No. It just means that in the vision he is taken somewhere else than where his body truly is. This is exactly how Ezekiel describes it:

8:1 It came about in the sixth year, on the fifth day of the sixth month, as I was sitting in my house with the elders of Judah sitting before me, that the hand of the Lord [a]God fell on me there. 2 Then I looked, and behold, a likeness as the appearance of [b]a man; from His loins and downward there was the appearance of fire, and from His loins and upward the appearance of brightness, like the appearance of [c]glowing metal. 3 He stretched out the form of a hand and caught me by a lock of my head; and the Spirit lifted me up between earth and heaven and brought me in the visions of God to Jerusalem, to the entrance of the [d]north gate of the inner court, where the seat of the idol of jealousy, which provokes to jealousy, was located. 4 And behold, the glory of the God of Israel was there, like the appearance which I saw in the plain.

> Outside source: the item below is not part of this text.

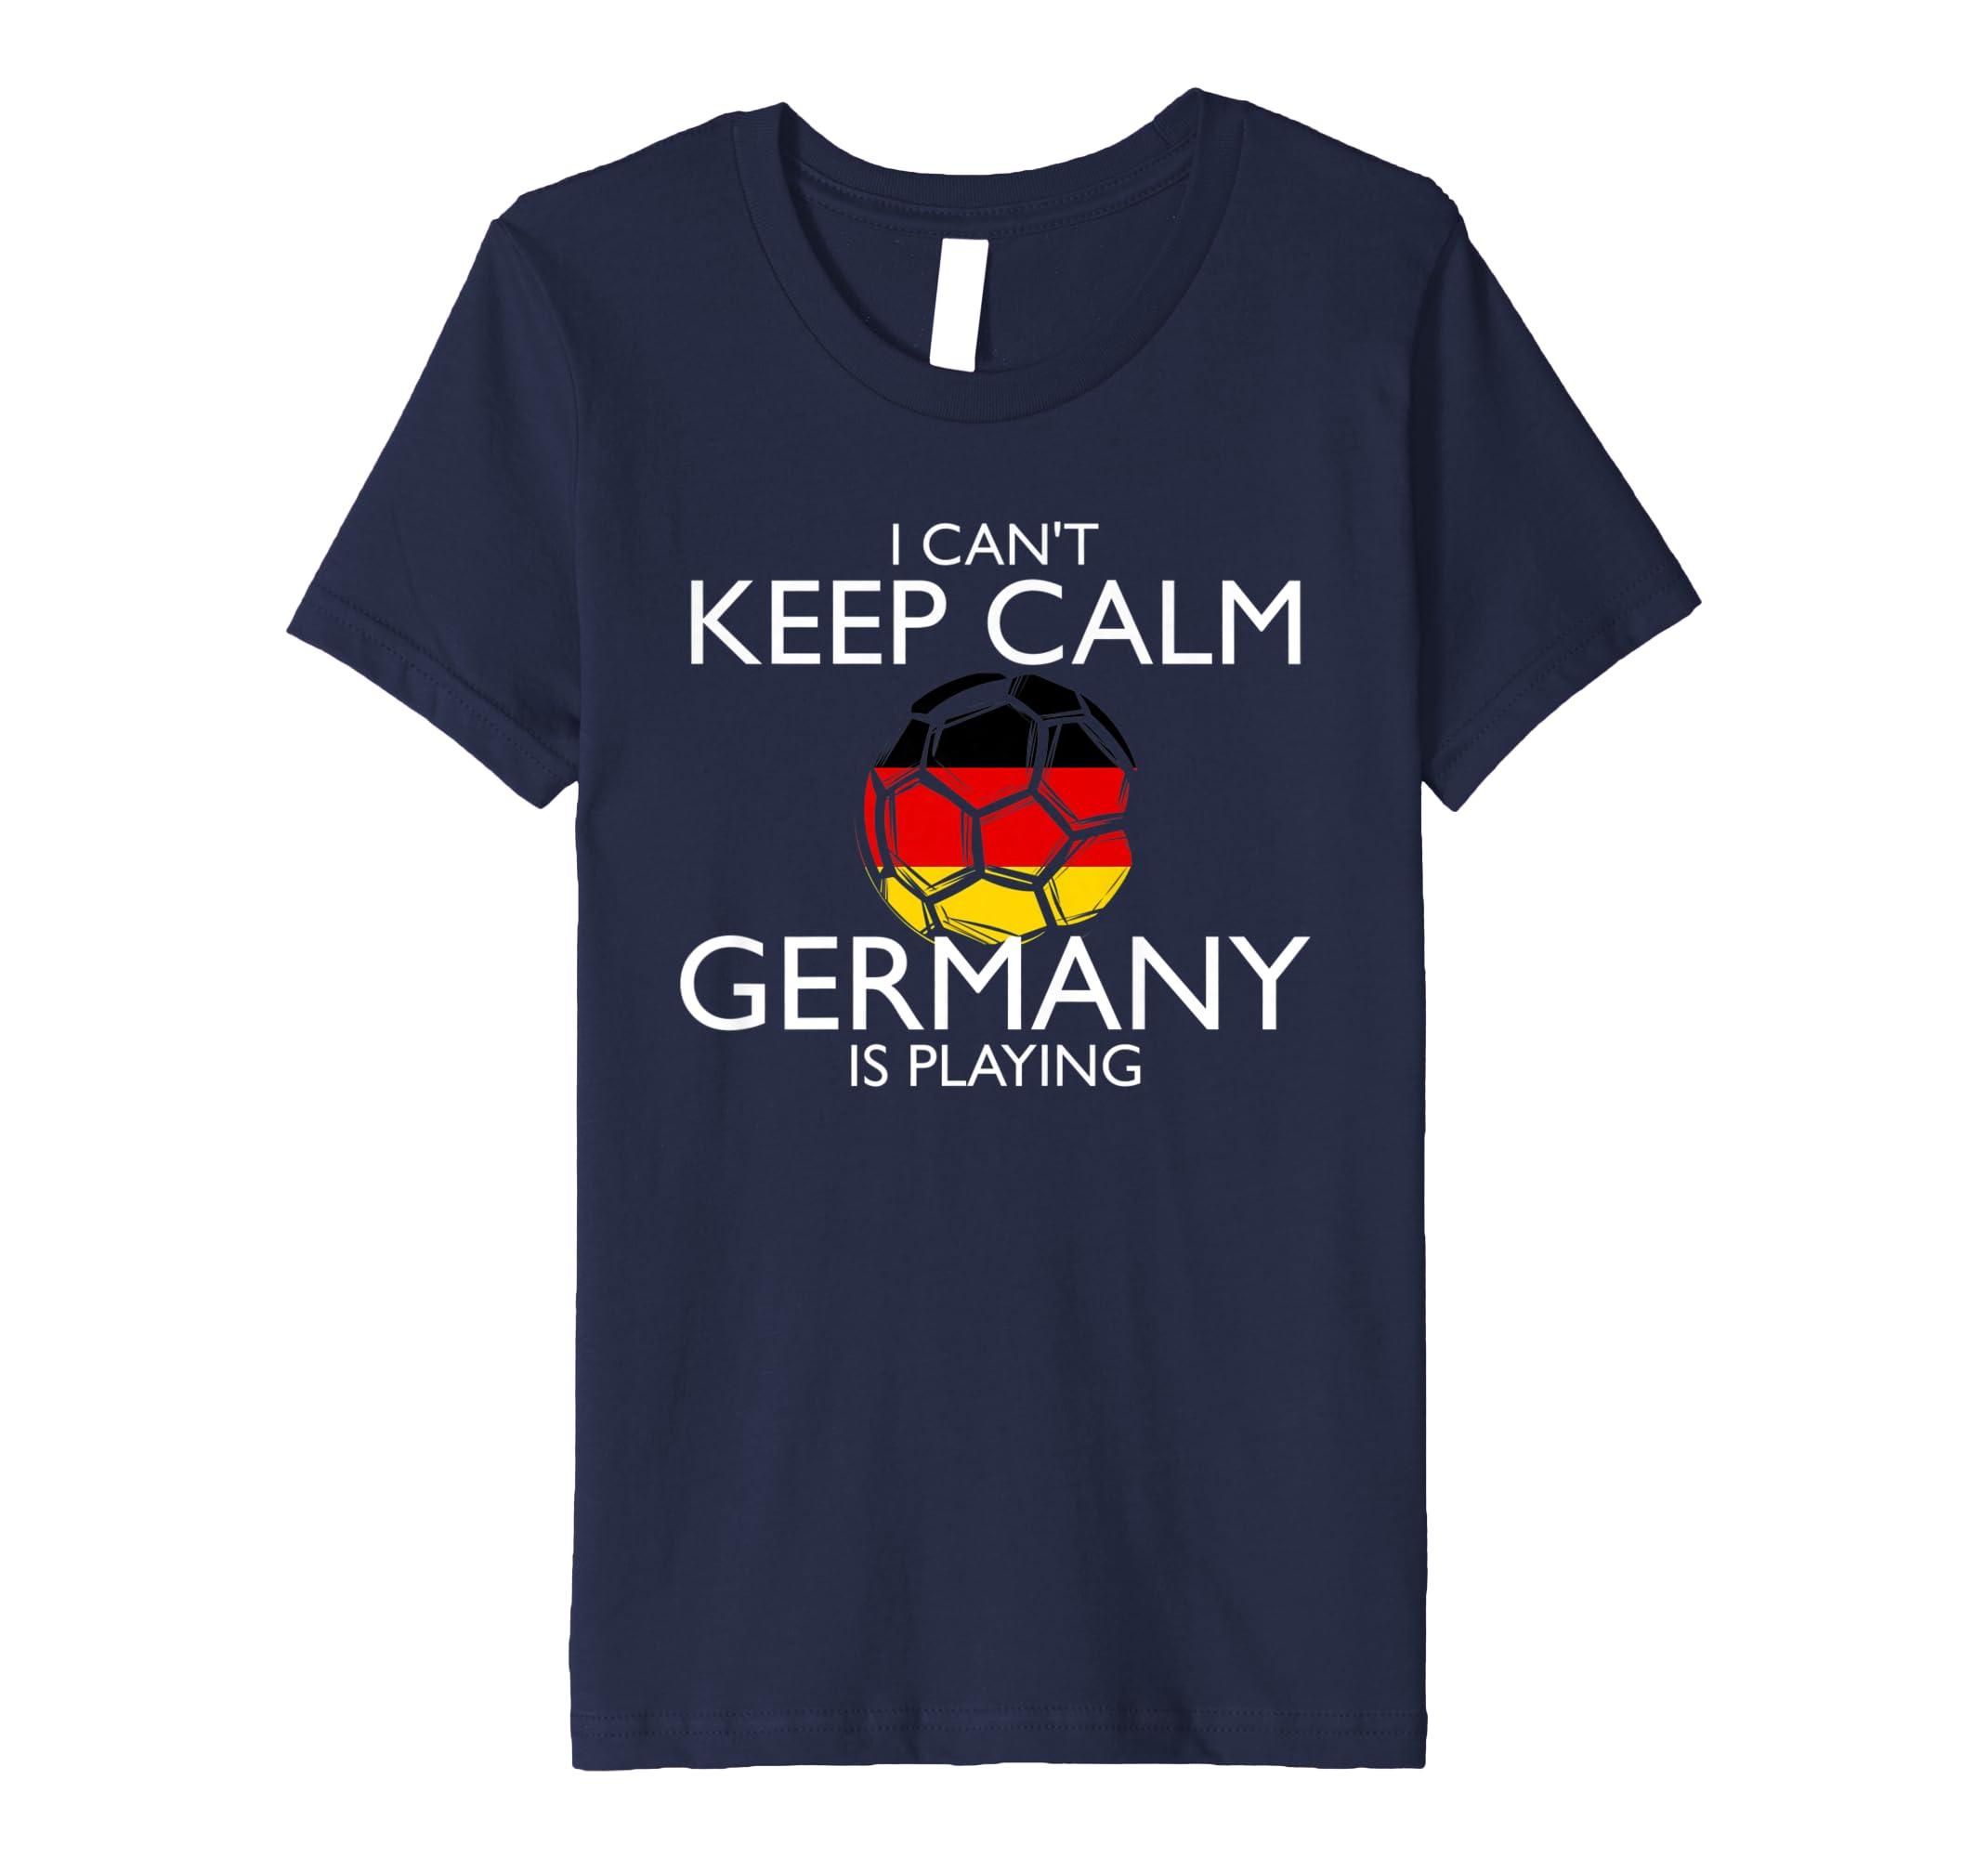 788b5de4319 Amazon.com  Germany Football Jersey 2018 German Soccer T-Shirt  Clothing

Notice how he says, "and brought me in the visions of God to Jerusalem". He didn't physically take his body to jerusalem. But in the vision he went somewhere else than where his body is. That is Paul's meaning in 2 Cor 12.

He makes very clear in verse 1 that he is talking about visions. What he doesn't know about is your assertion:

3 And I know how such a man—whether in the body or apart from the body I do not know, God knows

You then make mockery of 2 Cor 5, and I'm not wasting my time on your comments.